> _YOUR OBJECTIVE_
Give back all the data exactly as it was written.

Records from a data collection:
━━━━

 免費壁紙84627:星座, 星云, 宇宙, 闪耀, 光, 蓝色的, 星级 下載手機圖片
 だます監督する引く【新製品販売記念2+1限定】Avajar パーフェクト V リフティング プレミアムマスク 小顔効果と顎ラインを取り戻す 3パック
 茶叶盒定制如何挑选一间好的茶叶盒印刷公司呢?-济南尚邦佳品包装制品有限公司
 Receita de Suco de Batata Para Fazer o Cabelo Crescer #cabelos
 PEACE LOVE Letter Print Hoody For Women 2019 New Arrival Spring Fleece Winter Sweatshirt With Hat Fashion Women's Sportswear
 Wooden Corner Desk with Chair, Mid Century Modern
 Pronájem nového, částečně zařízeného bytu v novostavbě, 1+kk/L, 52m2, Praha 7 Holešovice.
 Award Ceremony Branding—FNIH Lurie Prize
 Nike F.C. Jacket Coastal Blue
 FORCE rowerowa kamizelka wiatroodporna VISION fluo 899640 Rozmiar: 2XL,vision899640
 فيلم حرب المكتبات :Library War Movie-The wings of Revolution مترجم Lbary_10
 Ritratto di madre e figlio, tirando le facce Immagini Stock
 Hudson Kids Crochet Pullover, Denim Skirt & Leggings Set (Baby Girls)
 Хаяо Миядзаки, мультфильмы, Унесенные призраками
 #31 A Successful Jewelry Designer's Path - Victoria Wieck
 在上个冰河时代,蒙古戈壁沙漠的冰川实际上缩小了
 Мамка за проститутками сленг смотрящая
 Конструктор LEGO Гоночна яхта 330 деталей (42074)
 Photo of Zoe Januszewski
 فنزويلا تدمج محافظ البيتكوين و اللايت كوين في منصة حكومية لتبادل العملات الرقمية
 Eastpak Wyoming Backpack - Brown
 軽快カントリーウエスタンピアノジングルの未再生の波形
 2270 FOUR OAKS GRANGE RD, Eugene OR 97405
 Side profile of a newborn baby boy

━━━━

> _REPLY TO THE EXERCISE_
 免費壁紙84627:星座, 星云, 宇宙, 闪耀, 光, 蓝色的, 星级 下載手機圖片
 だます監督する引く【新製品販売記念2+1限定】Avajar パーフェクト V リフティング プレミアムマスク 小顔効果と顎ラインを取り戻す 3パック
 茶叶盒定制如何挑选一间好的茶叶盒印刷公司呢?-济南尚邦佳品包装制品有限公司
 Receita de Suco de Batata Para Fazer o Cabelo Crescer #cabelos
 PEACE LOVE Letter Print Hoody For Women 2019 New Arrival Spring Fleece Winter Sweatshirt With Hat Fashion Women's Sportswear
 Wooden Corner Desk with Chair, Mid Century Modern
 Pronájem nového, částečně zařízeného bytu v novostavbě, 1+kk/L, 52m2, Praha 7 Holešovice.
 Award Ceremony Branding—FNIH Lurie Prize
 Nike F.C. Jacket Coastal Blue
 FORCE rowerowa kamizelka wiatroodporna VISION fluo 899640 Rozmiar: 2XL,vision899640
 فيلم حرب المكتبات :Library War Movie-The wings of Revolution مترجم Lbary_10
 Ritratto di madre e figlio, tirando le facce Immagini Stock
 Hudson Kids Crochet Pullover, Denim Skirt & Leggings Set (Baby Girls)
 Хаяо Миядзаки, мультфильмы, Унесенные призраками
 #31 A Successful Jewelry Designer's Path - Victoria Wieck
 在上个冰河时代,蒙古戈壁沙漠的冰川实际上缩小了
 Мамка за проститутками сленг смотрящая
 Конструктор LEGO Гоночна яхта 330 деталей (42074)
 Photo of Zoe Januszewski
 فنزويلا تدمج محافظ البيتكوين و اللايت كوين في منصة حكومية لتبادل العملات الرقمية
 Eastpak Wyoming Backpack - Brown
 軽快カントリーウエスタンピアノジングルの未再生の波形
 2270 FOUR OAKS GRANGE RD, Eugene OR 97405
 Side profile of a newborn baby boy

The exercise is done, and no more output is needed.